When the Caribbean route through Florida was closed to them, classic Colombian kingpins like Escobar and the Cali cartel created the “Mexican springboard” by partnering with experts in moving marijuana across the US border. There is also a “Galician trampoline.” Galicia, with its vast coastline outlined in its estuaries, the secular tradition of smuggling with Portugal and the pre-existing structures of clandestine tobacco import and distribution, became the gateway for Colombians to Europe. Thus, as seen in the Fariña series, there was so much cash in the estuaries that there was nowhere to put it. Boat pilots, smugglers or furtive shellfish collectors suddenly became multimillionaires, for placing Colombian coca on the soil of the Old Continent.
In the world before coca, that of tobacco smuggling, in that classic business of the estuaries, which was considered respectable, was where Marcial Dorado grew up. As the journalist Nacho Carretero recounts in his book Fariña, although he was born in Cambados, on the “continent” that would be said in the language of Illa de Arousa, it was on this island where the Dorado family settled.
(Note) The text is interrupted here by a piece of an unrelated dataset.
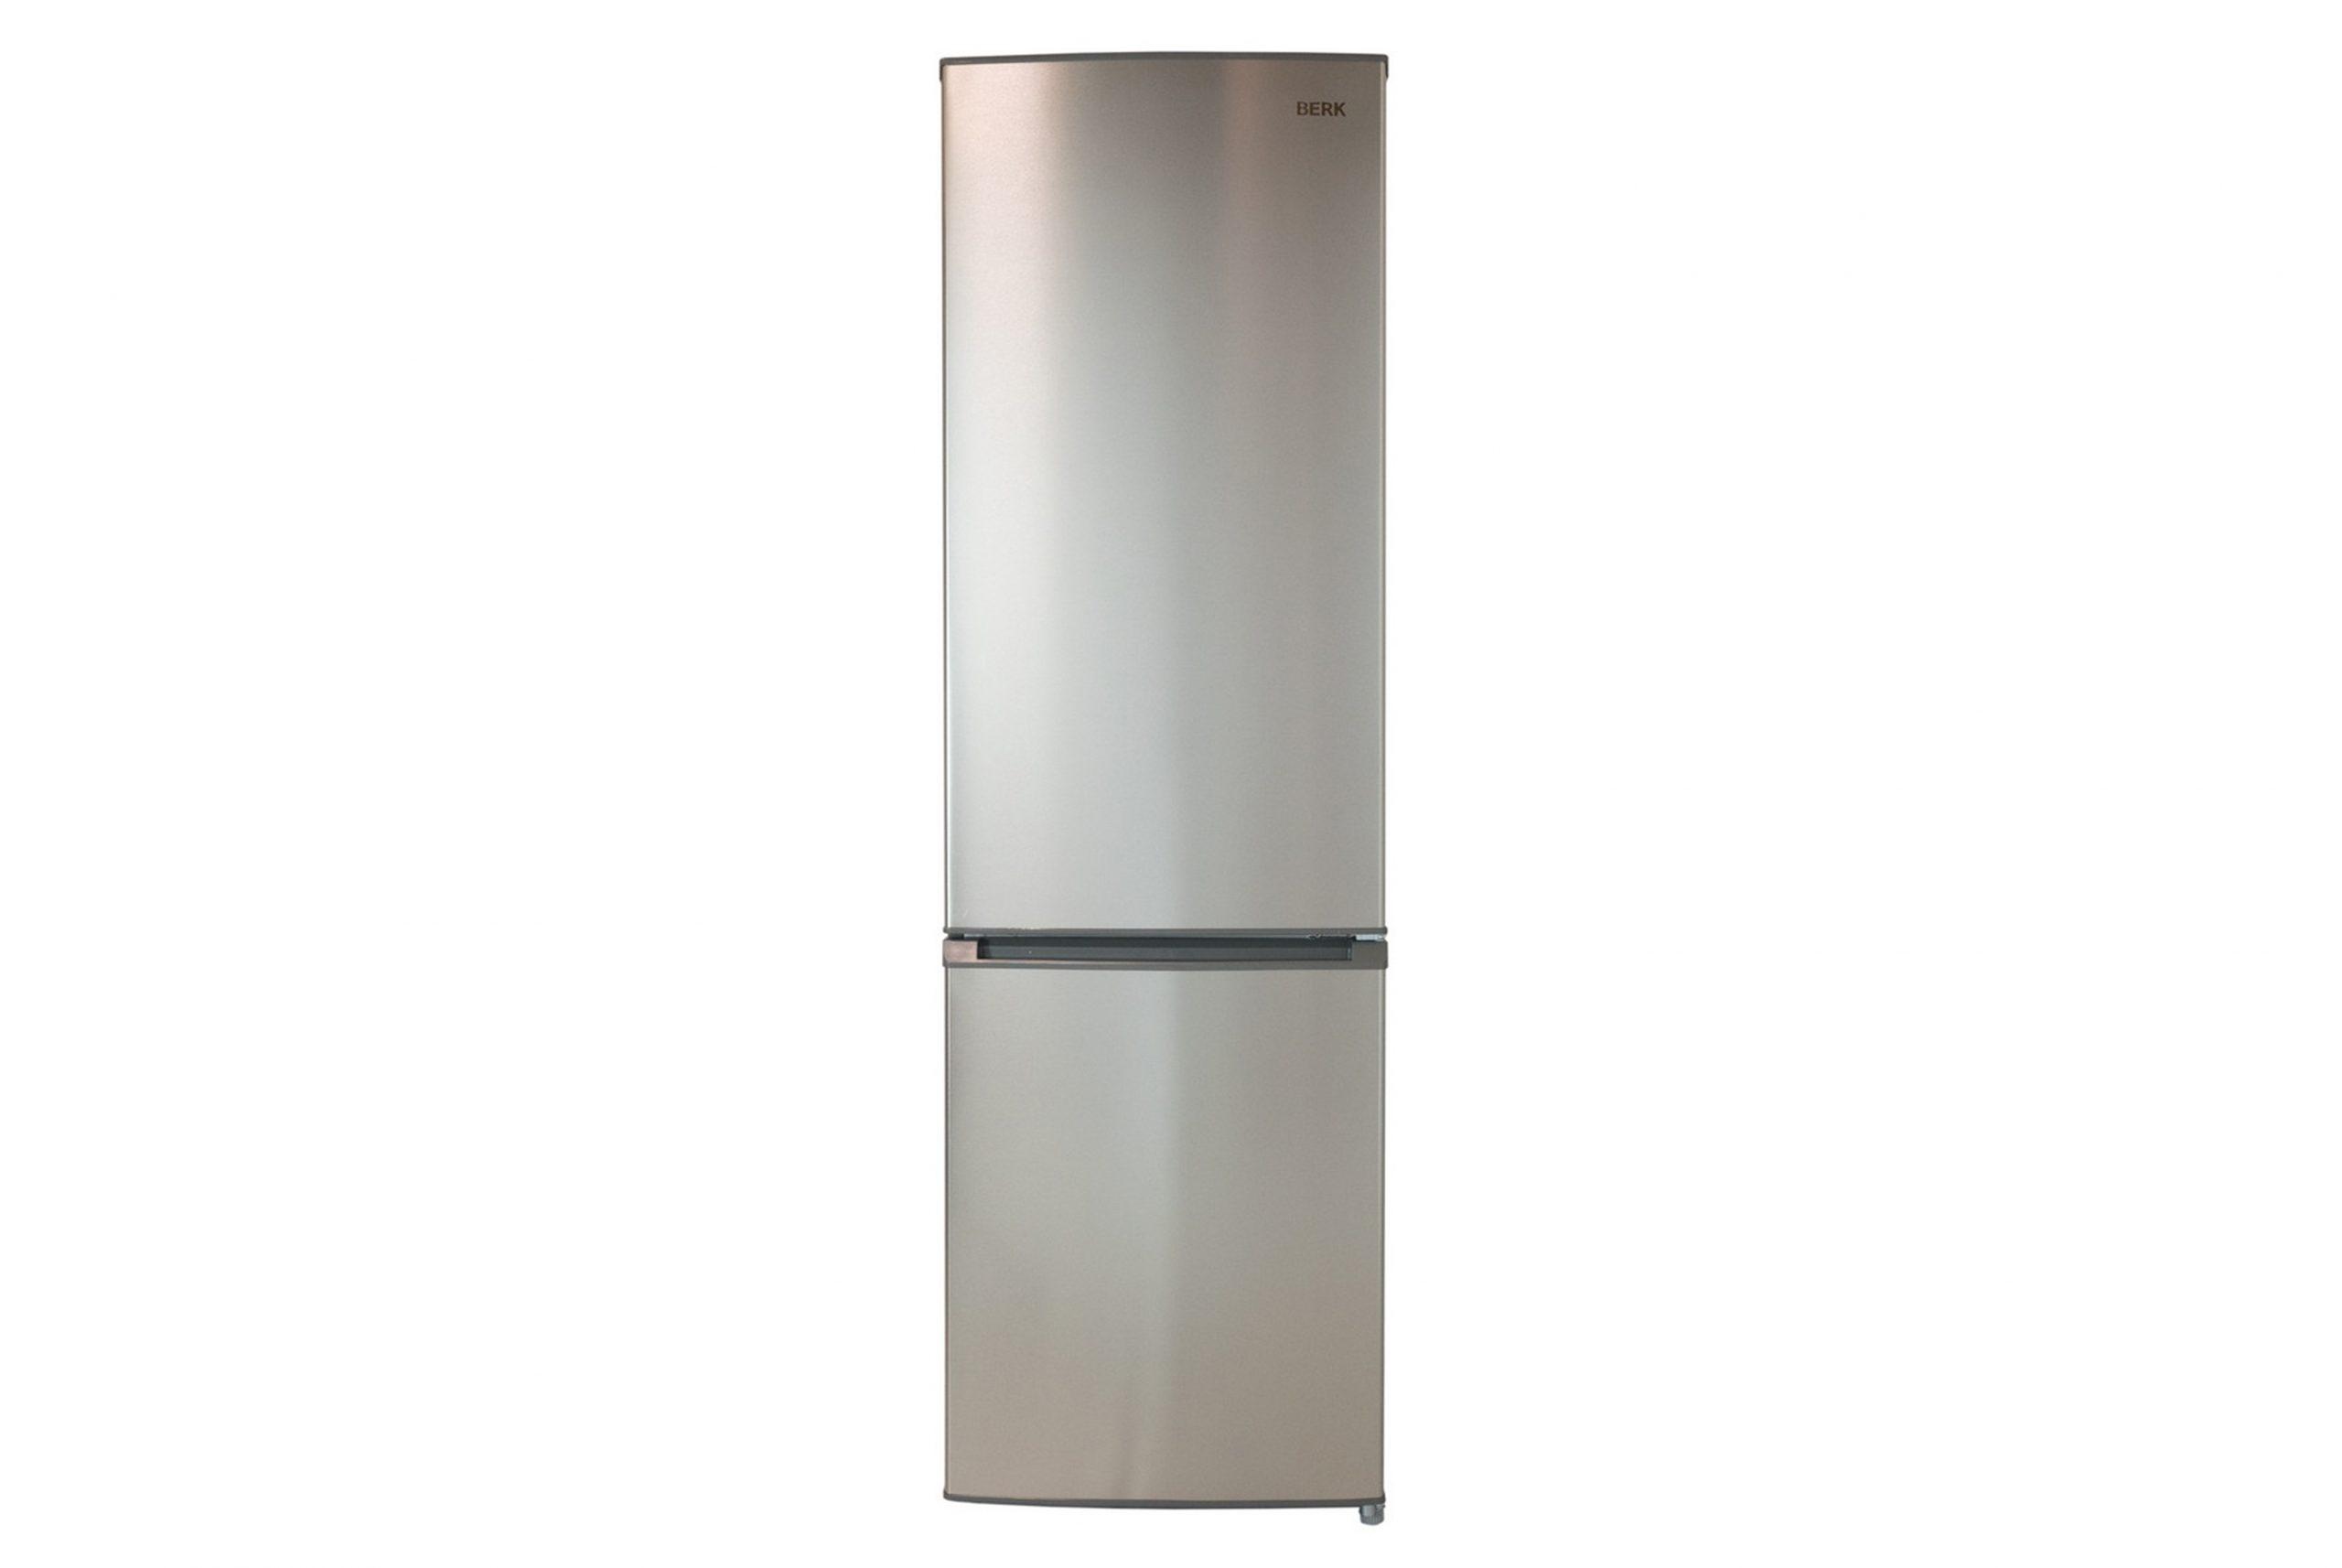 Šaldytuvas Berk BRC-1755 S

His mother worked for Vicente Otero Pérez, Terito, the big boss of the old school.
Terito, who was a delegate of the PP provincial congress of Pontevedra in 1990, days before Operation Nécora, had Marcial Dorado under his command, as a skilled boatman who brought the so-called “Winston de batea” onto the mainland, in reference to the wooden modules that are dotted in the Arousa estuary for mussel farming. In the 1980s, Dorado was already in charge of one of the three large organizations that controlled the illegal importation of tobacco in Galicia. “He headed the most powerful clan, the so-called Martial Band,” wrote Carretero, who, in the wake of Perfecto Conde’s pioneering book La conexión gallega, describes the operations to bring huge amounts of money to Switzerland, to the point that, he maintains, it could become the most powerful tobacco smuggling group in Europe.
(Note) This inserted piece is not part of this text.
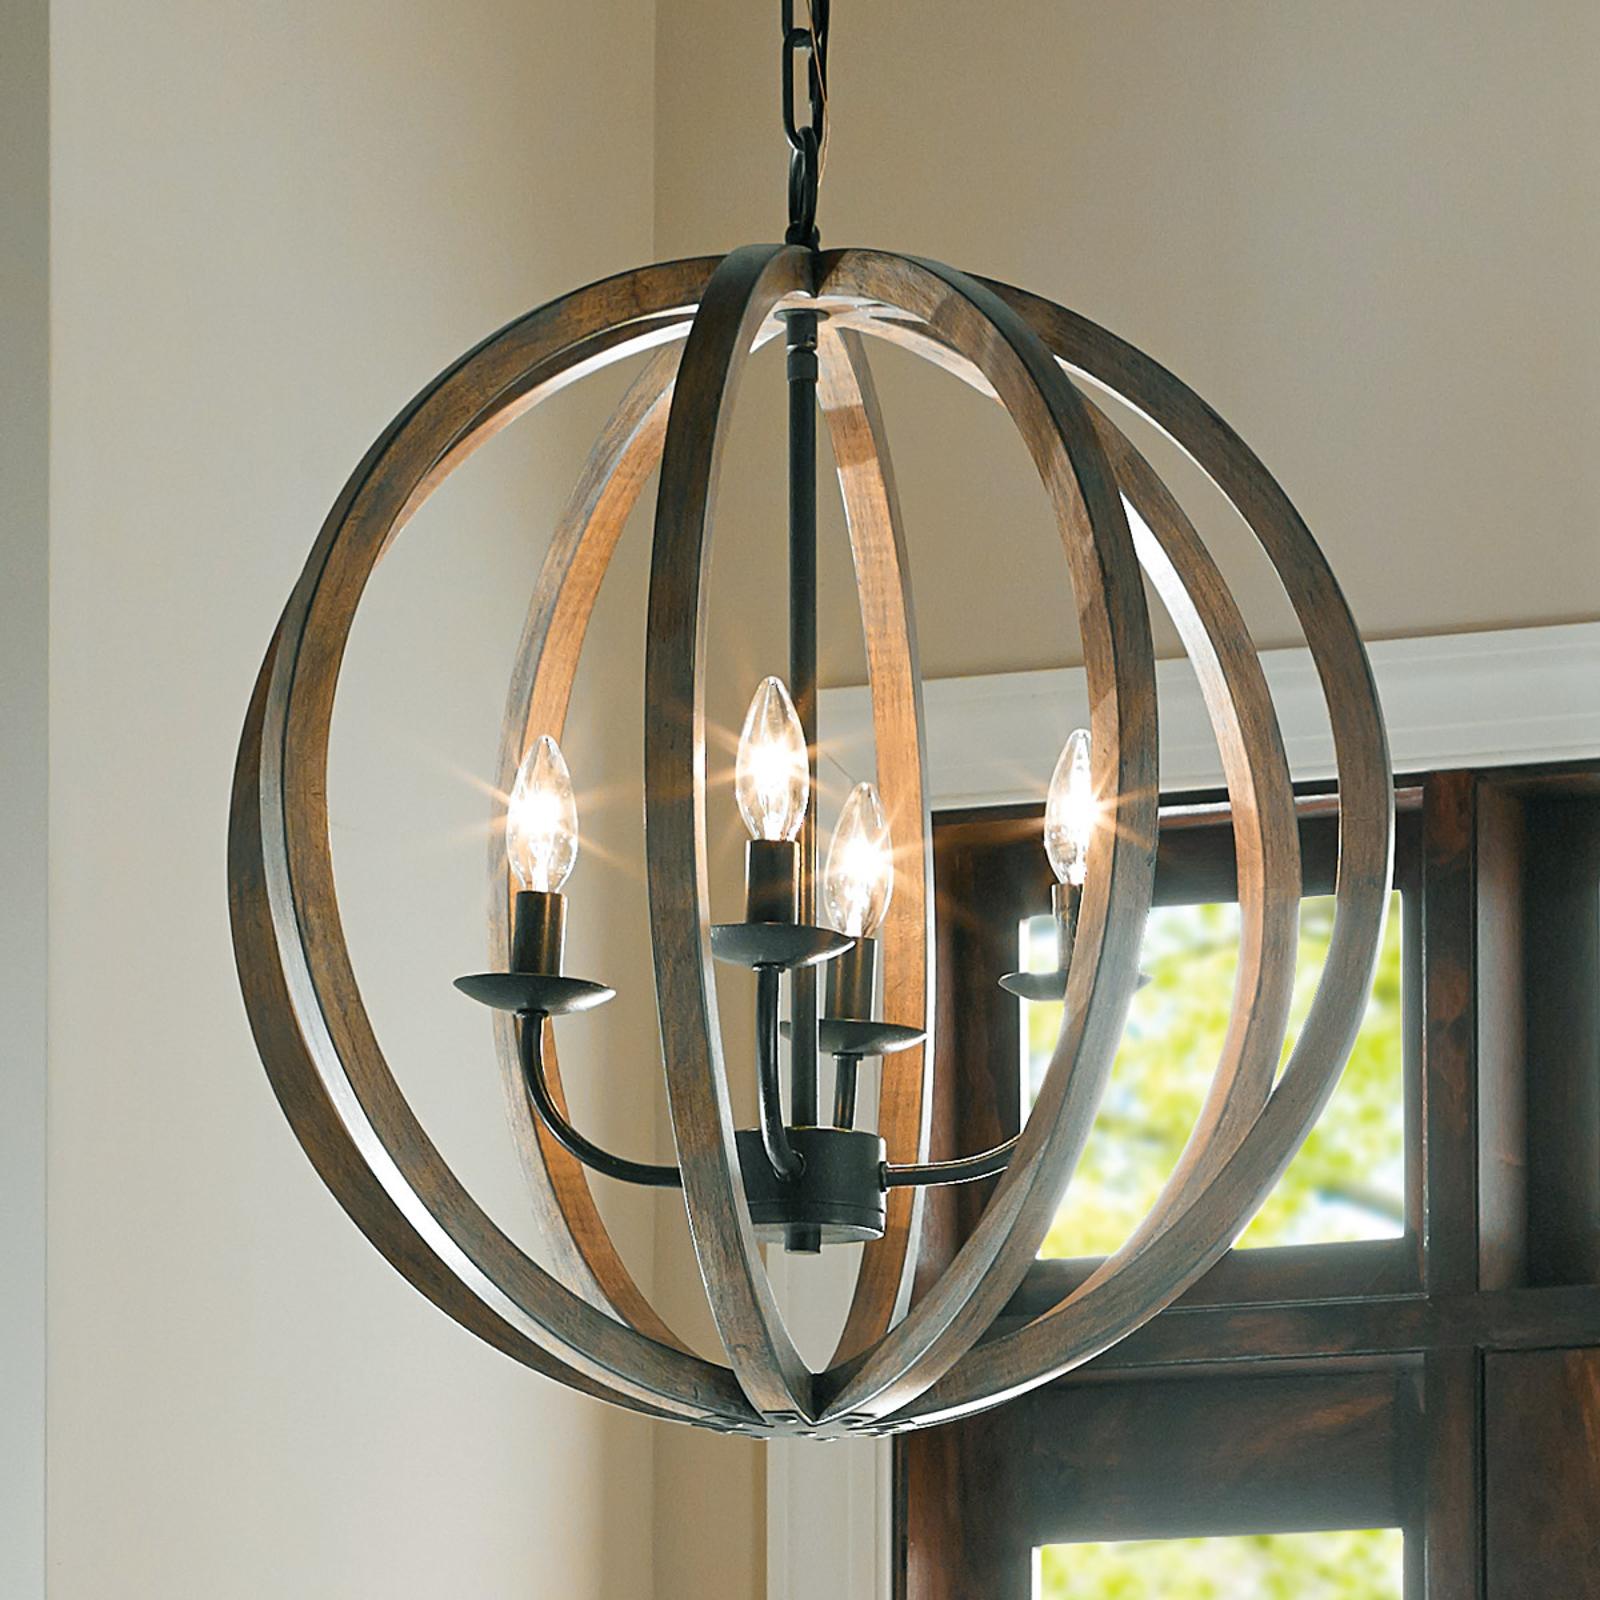 Hanglamp Allier uit hout met vier lampjes 52,1 cm

“Tobacco is for the old, fariña is the future,” shouts the actor Javier Rey in the television series, in his interpretation of Sito Miñanco. After having been arrested on several occasions but evading justice and spending time, with the other bosses, in a sui generis exile in Portugal and beginning to appear in the press as a prominent boss, Dorado did not give up tobacco like Miñanco and company. It is one of the reasons why it is said that he was the smartest, since he would have been practically alone with this business. Although he maintains that he never got past that, in 2003 he was implicated in a case for the sale of a ship, the South Sea, which was used to unload more than five tons of cocaine. He was sentenced to 13 years in prison for that operation and bribing civil guards.
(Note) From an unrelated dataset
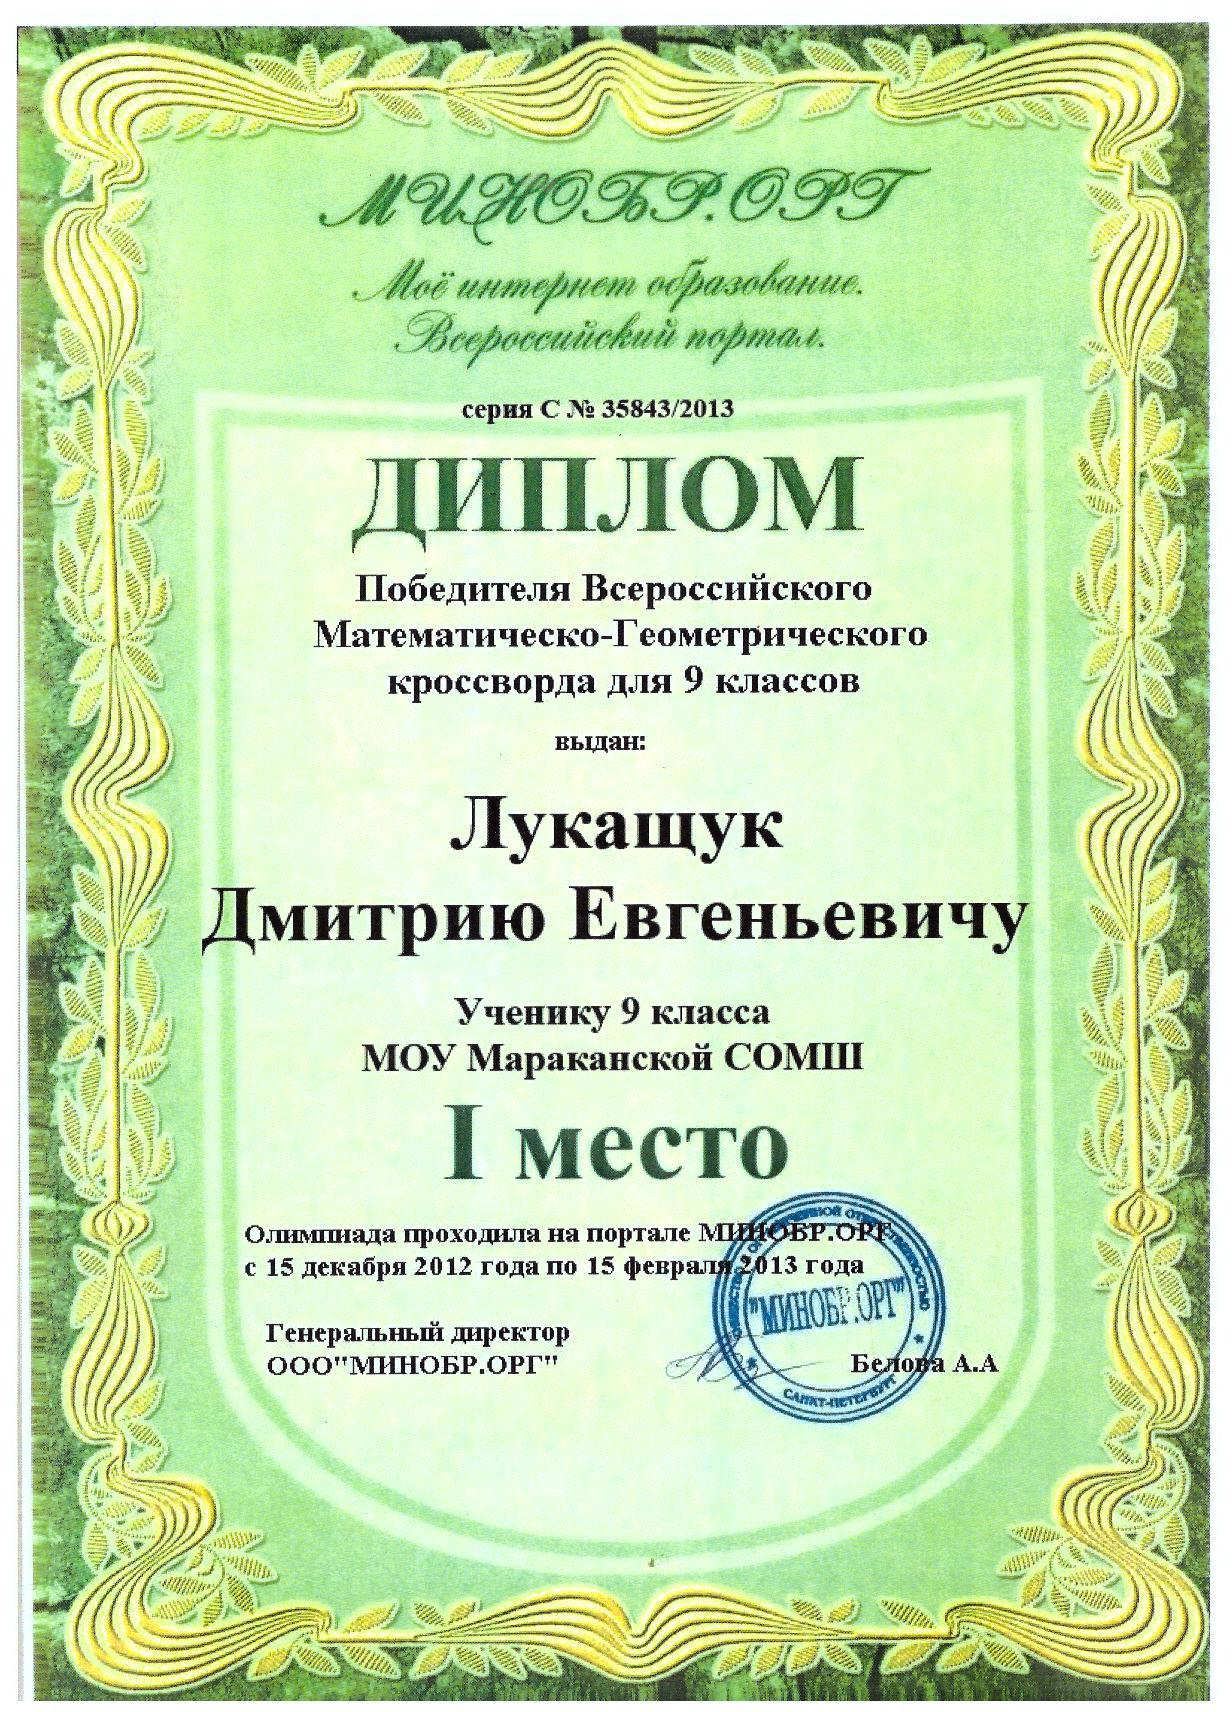 Диплом Лкащук Д

Although Carretero points out in his book that the debate in Arousa continues on whether Dorado managed to leave his tobacco niche, with the South Sea the myth was broken, since not only was he no longer invulnerable, but there is a final sentence that declares him a drug trafficker. Later, in 2015, the National Court imposed another six years on him for money laundering. The court considered “impossible” that he moved 69 million euros in the 90 only with the tobacco business.
The operation of the ship that led to the fall from grace of this drug trafficker led ten years later to the publication of the photographs on his yacht with Alberto Núñez Feijóo, which were found in a registry. As he himself acknowledged, the former president of the Xunta maintained a close friendship for several years with Marcial Dorado, which included trips to Cascais (Portugal), Andorra and Ibiza. But Feijóo always claimed to be unaware of his activities.